Café Culture in New Zealand – Wellington

Image

Ratnavyuha and I went to Olive café on Cuba Street, Wellington. Posh. Antiques. High ceilings. Classy. Ratnavyuha got into conversation with a lady, who, it turns out, knows the people at Wellington Buddhist Centre, including Suryagita, who teaches singing, and who I know from her days in Brighton, singing. The peach tart was fantastic, and the coffee very classy. Outside, the rain came and went. Midwinter rain in a rainy place. We had been to Te Papa (‘Our Place’) museum, and I’d learned about the changes wrought to New Zealand’s ecology by both Maori and European settlers. A European blackbird is sitting outside the window where I write. But there are tuis singing sometimes too. Now off to lead a retreat – on how everything arises on conditions.

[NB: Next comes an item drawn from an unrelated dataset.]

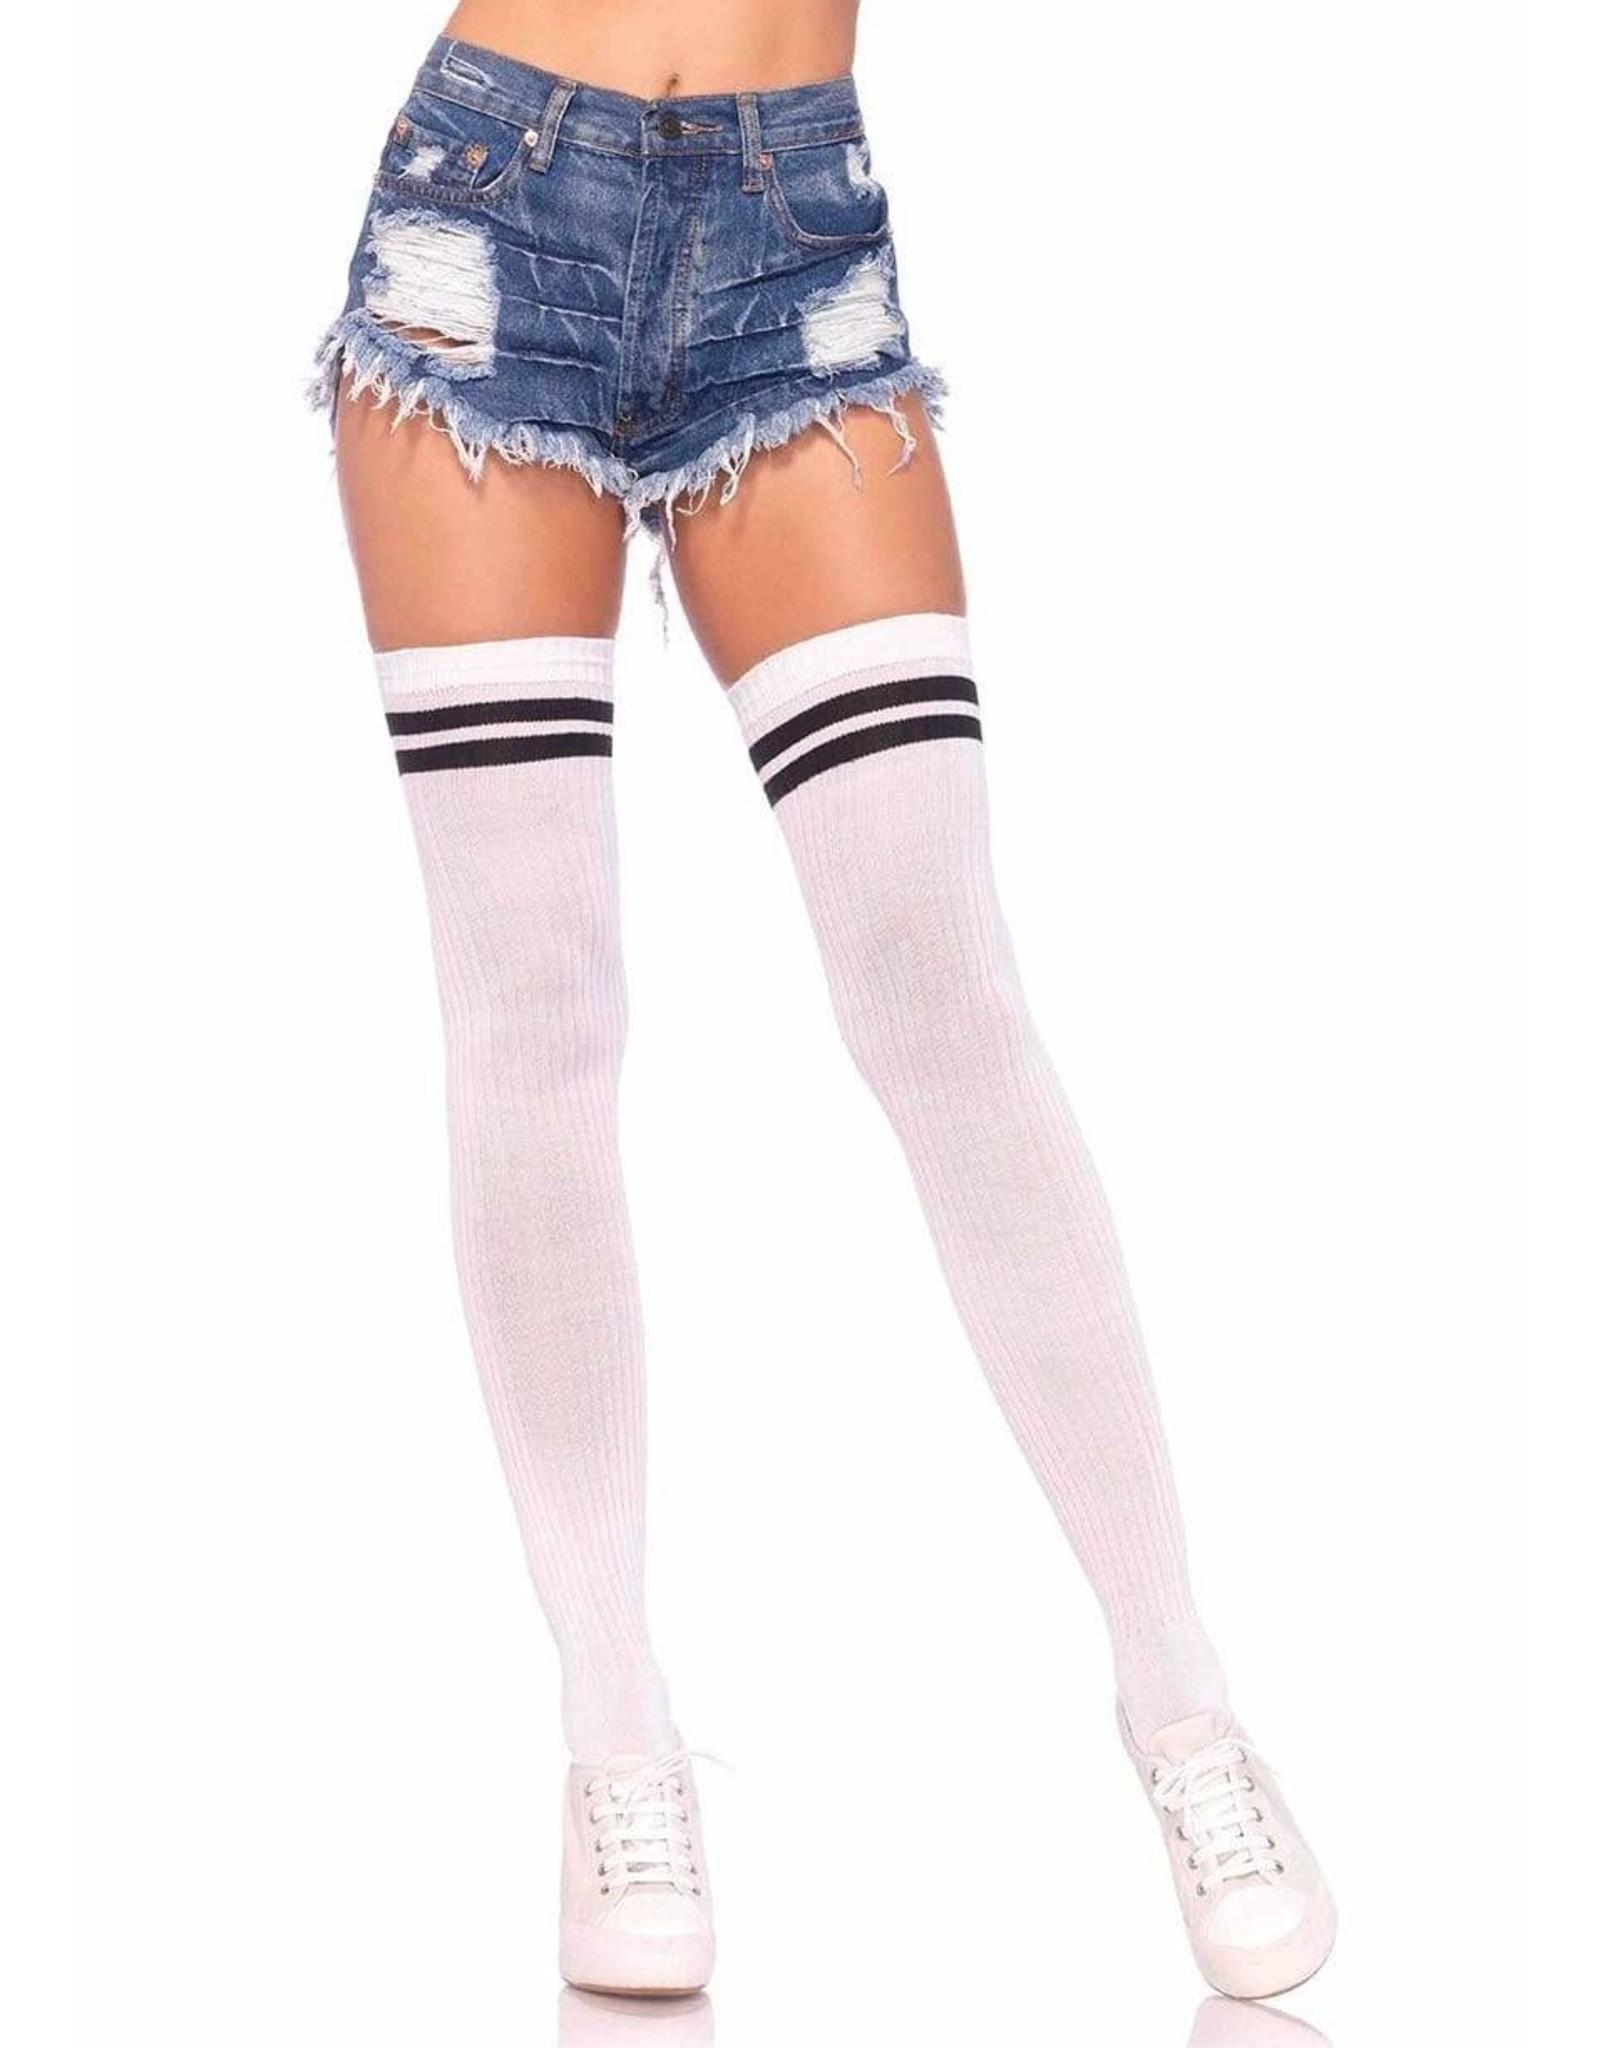 Leg Avenue Athletic Thigh Highs Wht/Blk

Café Culture in New Zealand

Image

My brother has given me £150 to spend on coffee while I am in New Zealand. So after I arrived yesterday, Ratnavyuha and I went to One-2-One Café in Ponsonby, Auckland, and drank coffee and ate cake. The cafe reminded me of the Boston Tea Party in Bristol, with its garden seating. But it’s winter here in NZ, and slightly too cool to sit outside. It was a quiet Wednesday afternoon. In the park where we had been walking there were many Pakeka – the Maori name for what in Europe we call the Purple Gallinule – garish great rails, with red beaks, purple bibs and silly big feet. And in the lake were slithering eels in meshed tangles. Like the feel of my thoughts at certain moments, like on solitary retreats, and after a very long flight.